### Recorded data
--

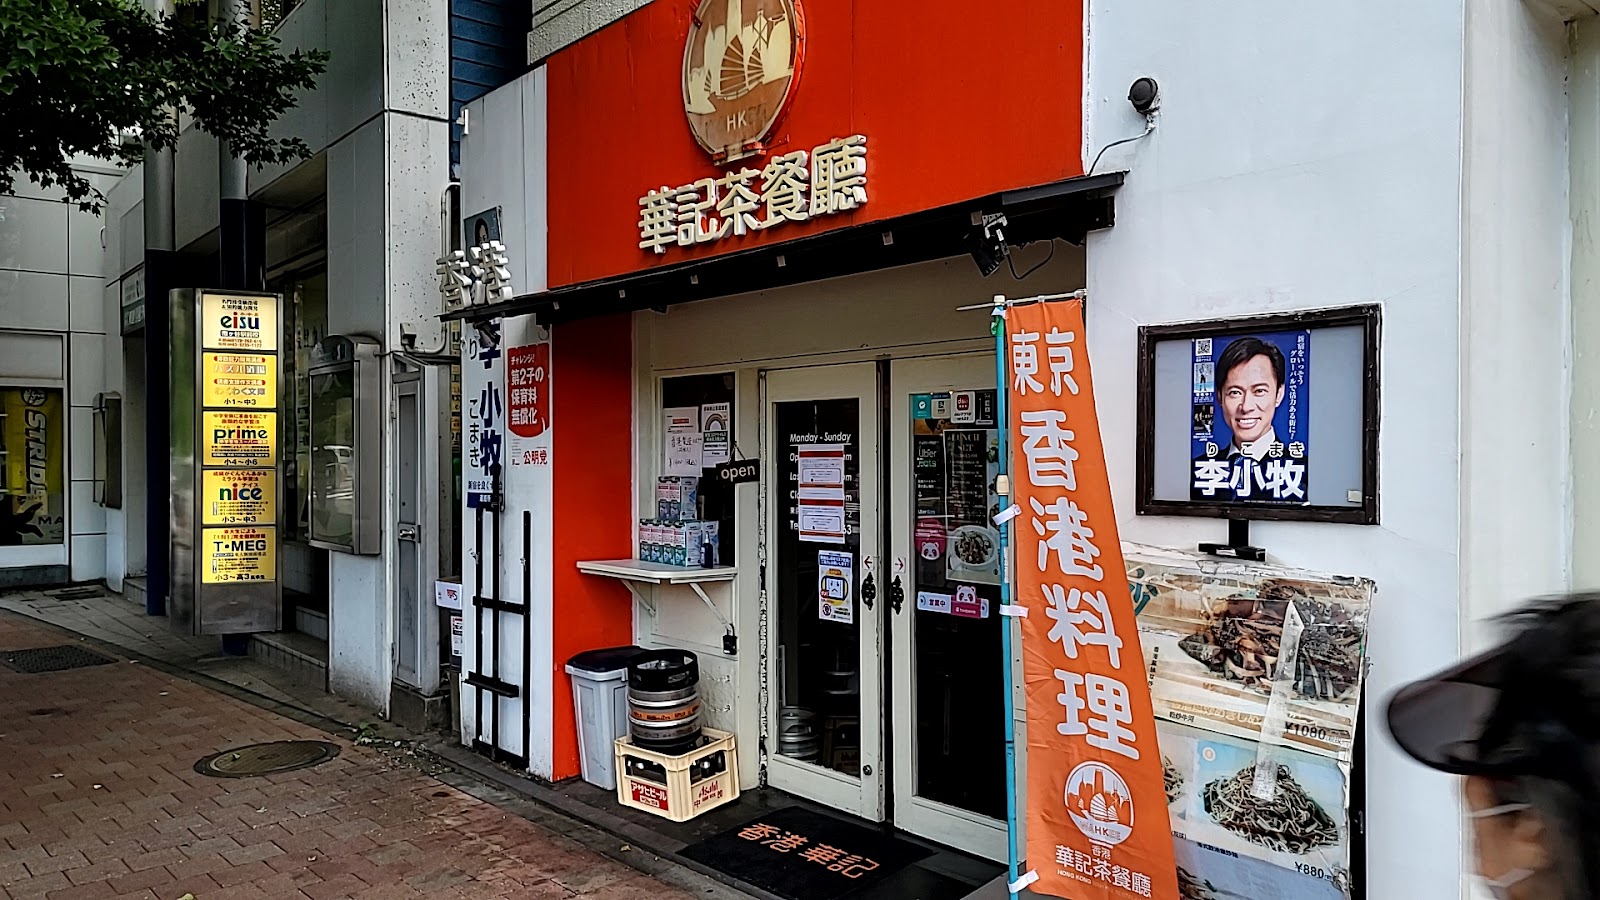 香港華記茶餐廰 新宿店(ホンコンワーキーチャーチャンテン)にて
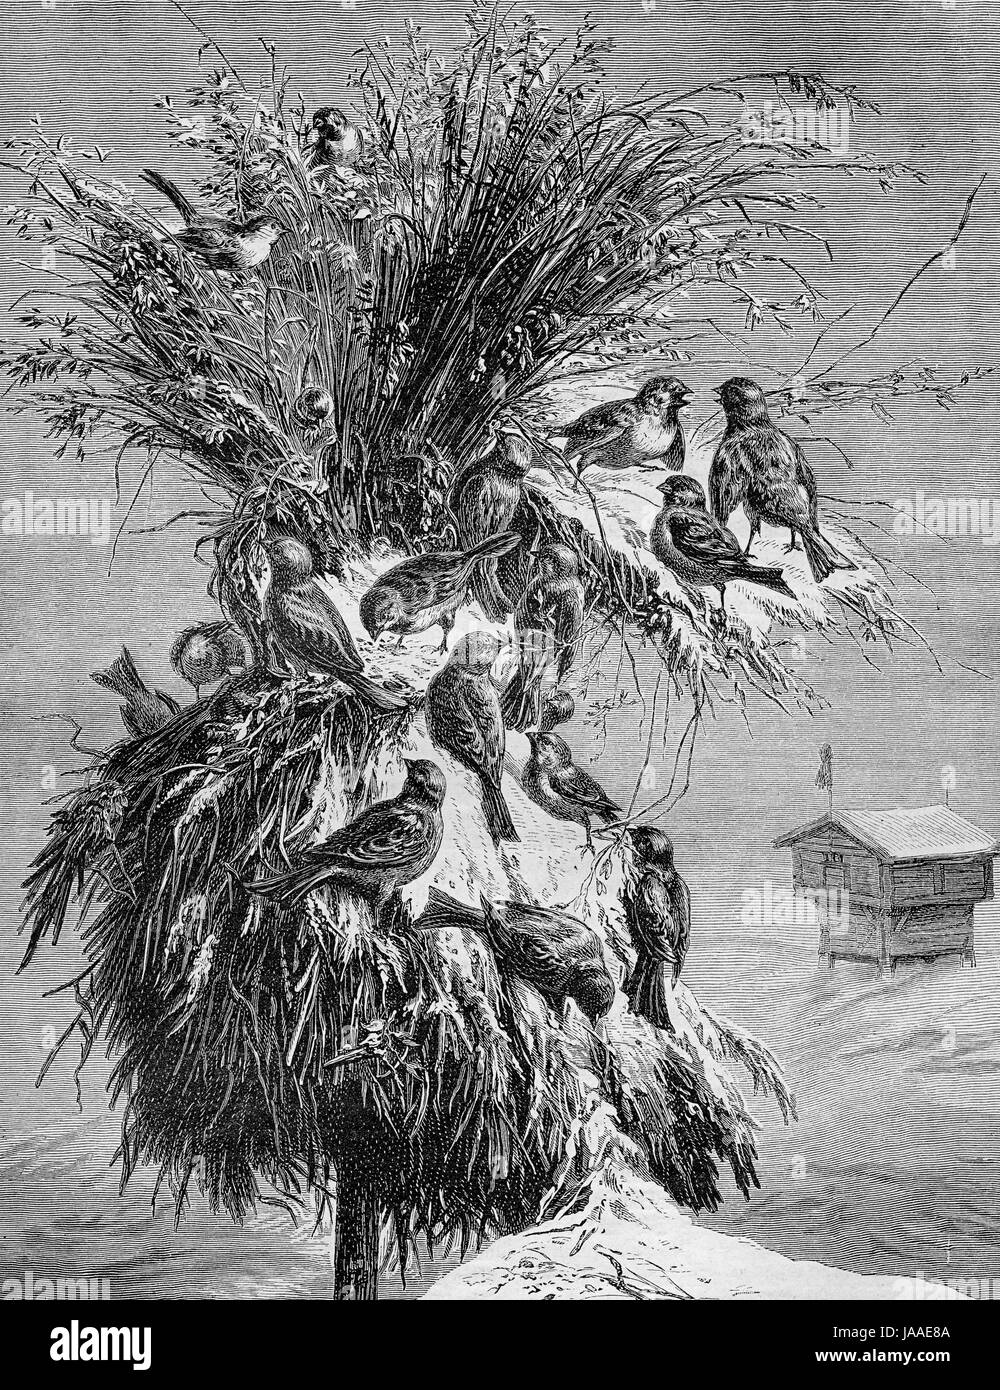 Juleneg, dem norwegischen Weihnachtsbaum für Vögel - Gravur aus XIX Jahrhundert Stockfoto
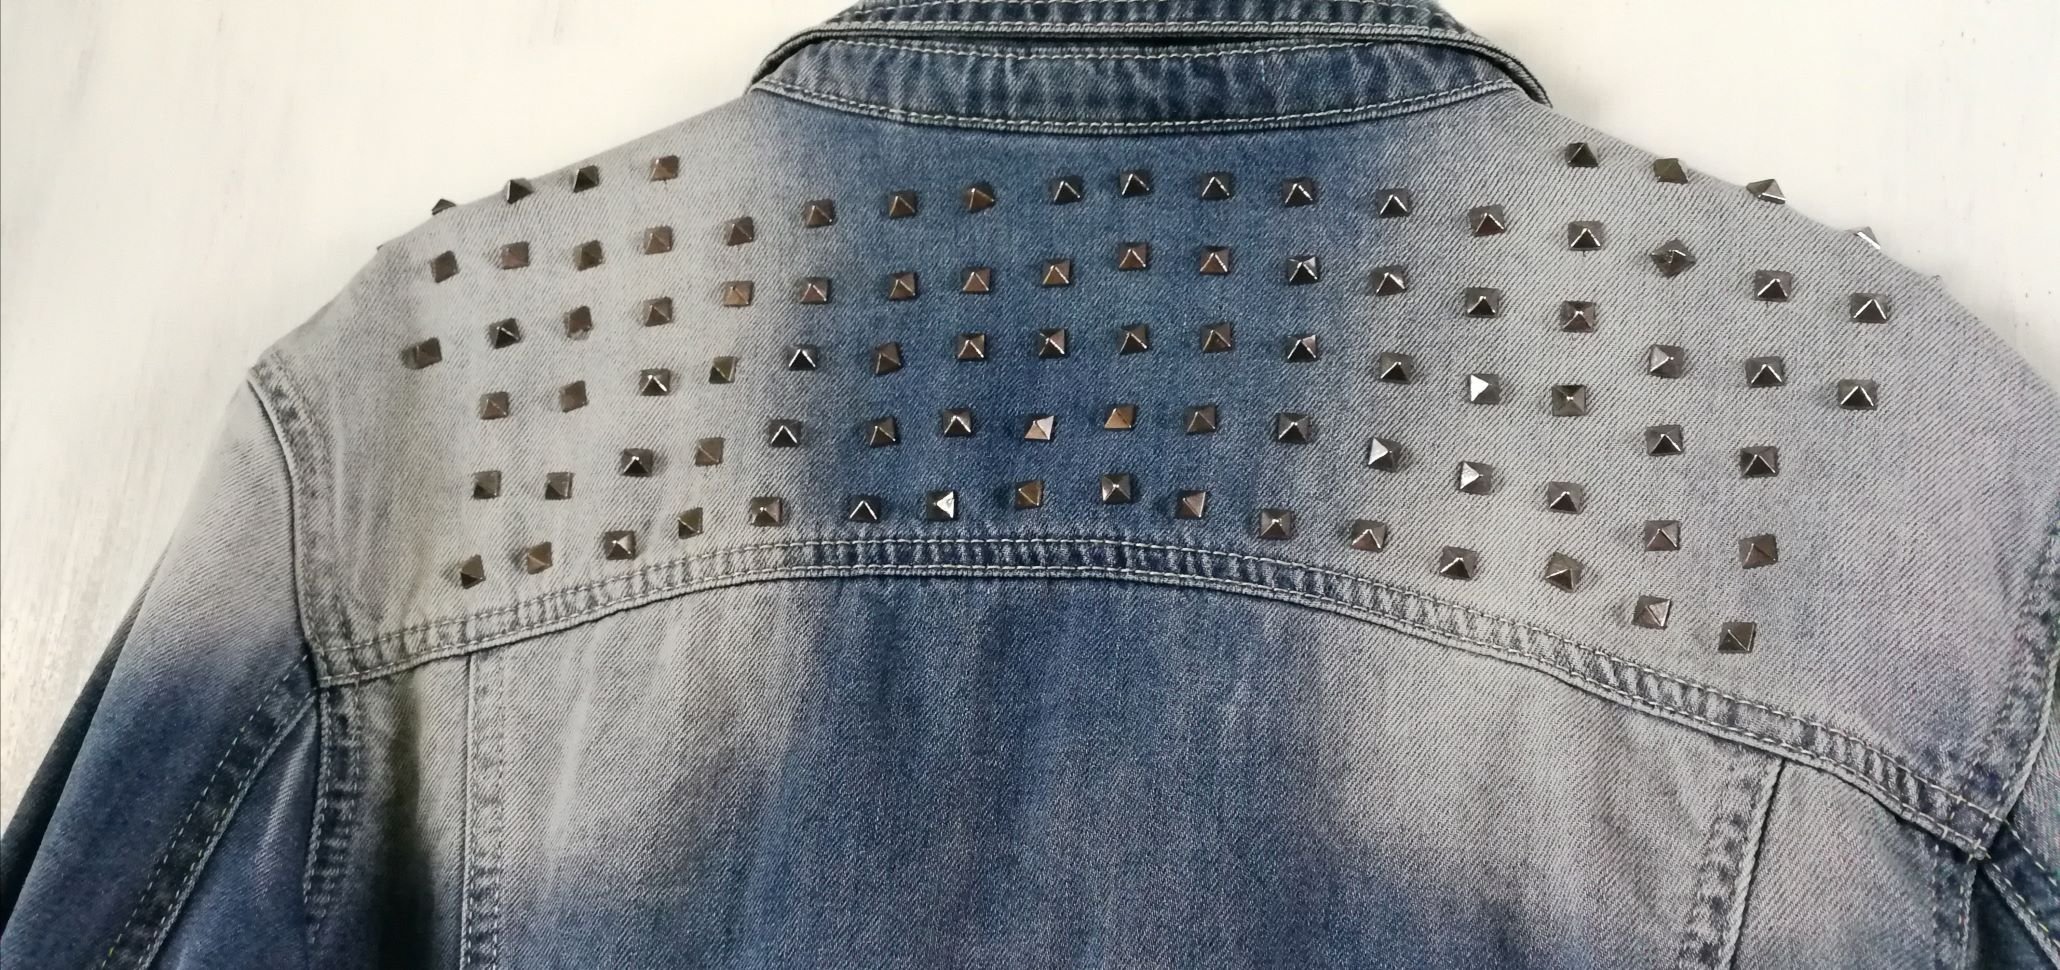 Jeans Jacke Designerjacke ReRock Nietenjacke Unisex Washed Out Usedlook Gr. M Rocker Metal Nieten!

--

### Work task
Please copy out the whole listing exactly, minus its pictures.

### Answer for this exercise
 香港華記茶餐廰 新宿店(ホンコンワーキーチャーチャンテン)にて
 Juleneg, dem norwegischen Weihnachtsbaum für Vögel - Gravur aus XIX Jahrhundert Stockfoto
 Jeans Jacke Designerjacke ReRock Nietenjacke Unisex Washed Out Usedlook Gr. M Rocker Metal Nieten!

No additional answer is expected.